Jeremy Johnson is Co-Founder and Chief Marketing Officer of 2tor, an education-technology company that partners with institutions of higher education such as Georgetown, UNC Chapel Hill ,and USC to deliver online degree programs. He has lectured at Princeton, Pace, and Fordham and is a board member of the Young Entrepreneur Council.
"As a start up, relationships are your most valuable currency and the most important ones often begin unexpectedly.
A few summers ago, 2tor was in its infancy and sharing office space at Rose Tech Ventures in New York City's Flatiron District. The good people at Rose Tech invited us to join a paintball event where local startups would compete against one another, but we didn't have enough people to enter as a full team. Khanan Grauer, whose mobile app startup, Touch App Media, was also being incubated at Rose Tech Ventures, willingly joined us.

That day, Khanan and our CTO, James Kenigsberg, struck a friendship based on technology, paintball and amor di patria. Flash forward a few years: James and his team, in conjunction with partners in our Masters in teaching and Masters in social work programs, are beginning to think through what a mobile version of our already award-winning learning management system would look like. Over that time period, Khanan's company has grown into one of the most advanced app development firms in the country. Who do you think James called for help? A few months later, their combined efforts gave birth to the first fully featured mobile learning management system in the world.
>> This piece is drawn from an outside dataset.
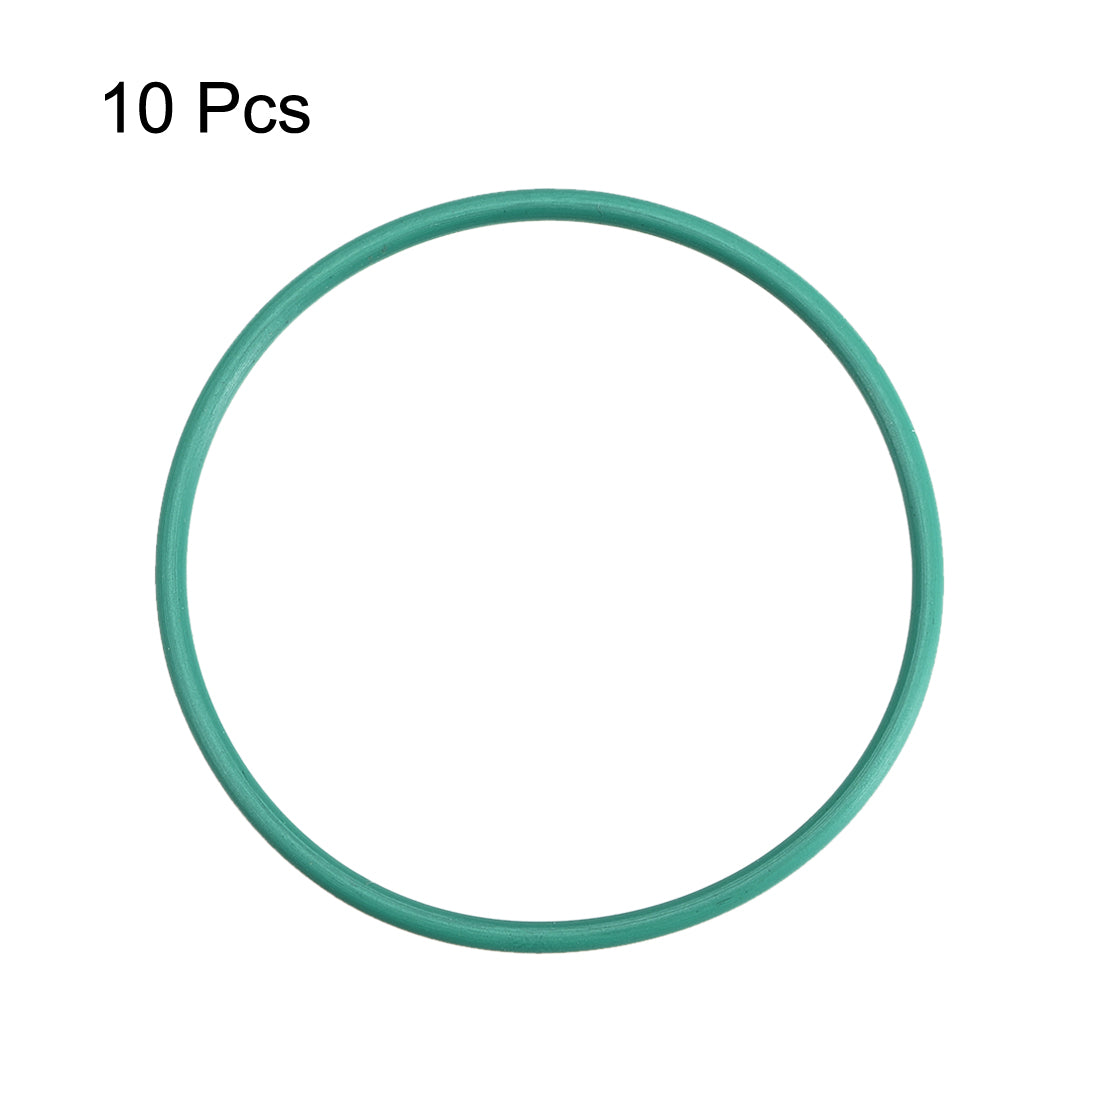 uxcell Uxcell 10pcs Green 35mm Outer Dia 1.5mm Thickness Sealing Ring O-shape Rubber Grommet

The moral, of course, is simple: Everything that matters is between people. Your next business partner or that rock star developer doesn't necessarily have to come from a job board. In fact, the best ones rarely do. In 2tor's three short years, we've hired people we found on Twitter, met at conferences and even an intern or two met over foosball at a local watering hole.
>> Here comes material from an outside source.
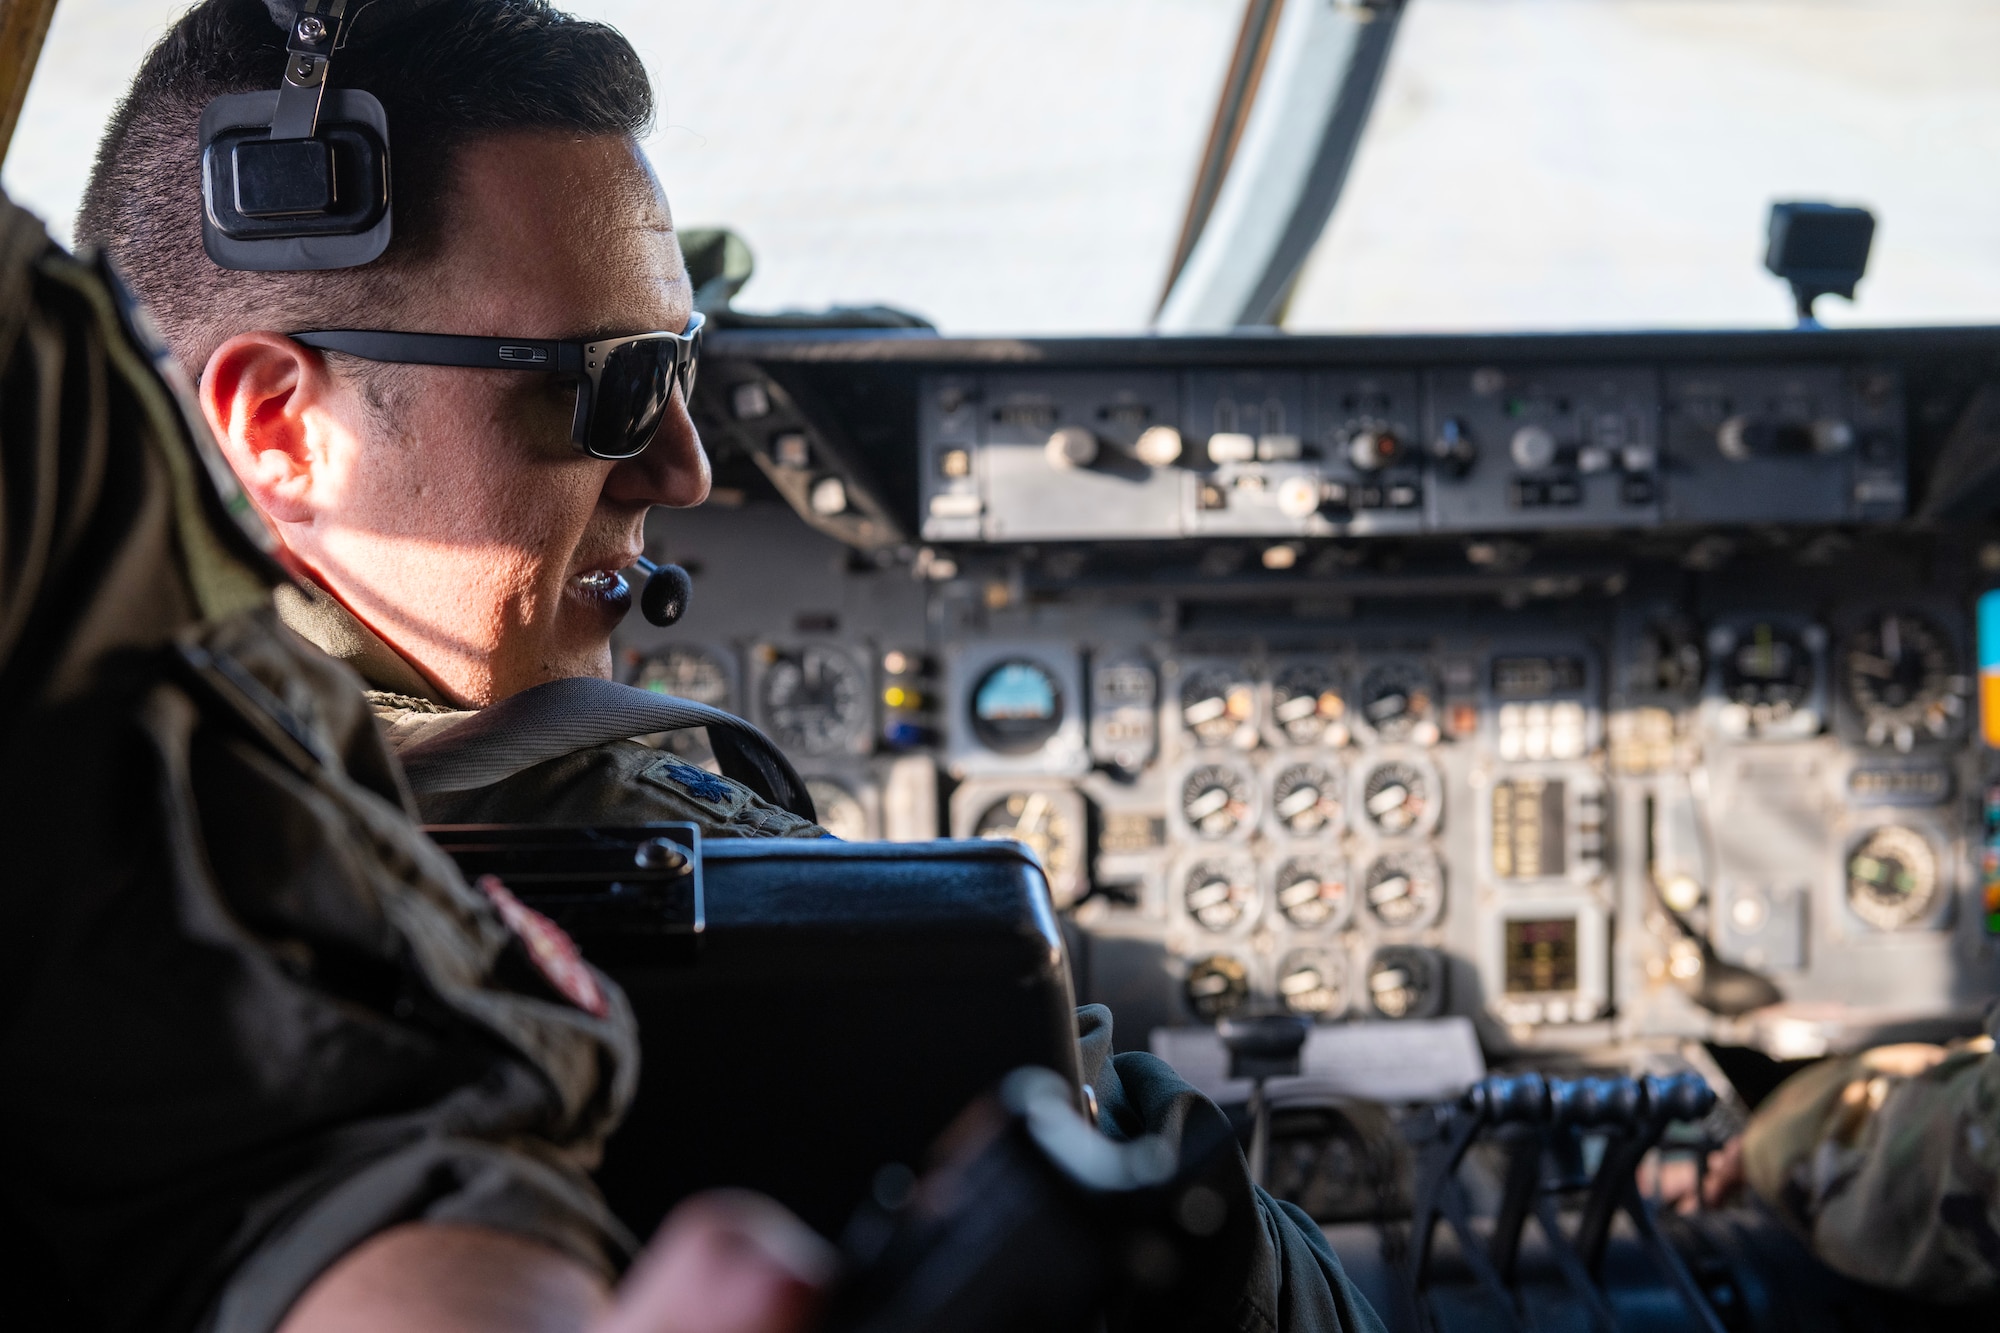 U.S. Air Force Lt. Col. Andrew Baer, 9th Air Refueling Squadron commander and KC-10 Extender pilot, communicates to fellow aircrew members prior to starting engines on the aircraft.

As an entrepreneur, always keep an eye out for great talent, even where you least expect it. In the future, when you find yourself putting in late nights at the office or worrying about that upcoming (daunting) presentation, step outside your comfort zone -- think of the recent chance meetings you've had and, if any of the people you've come across enter your thoughts, reach out. You never know when serendipitous encounters can lead to the next big thing."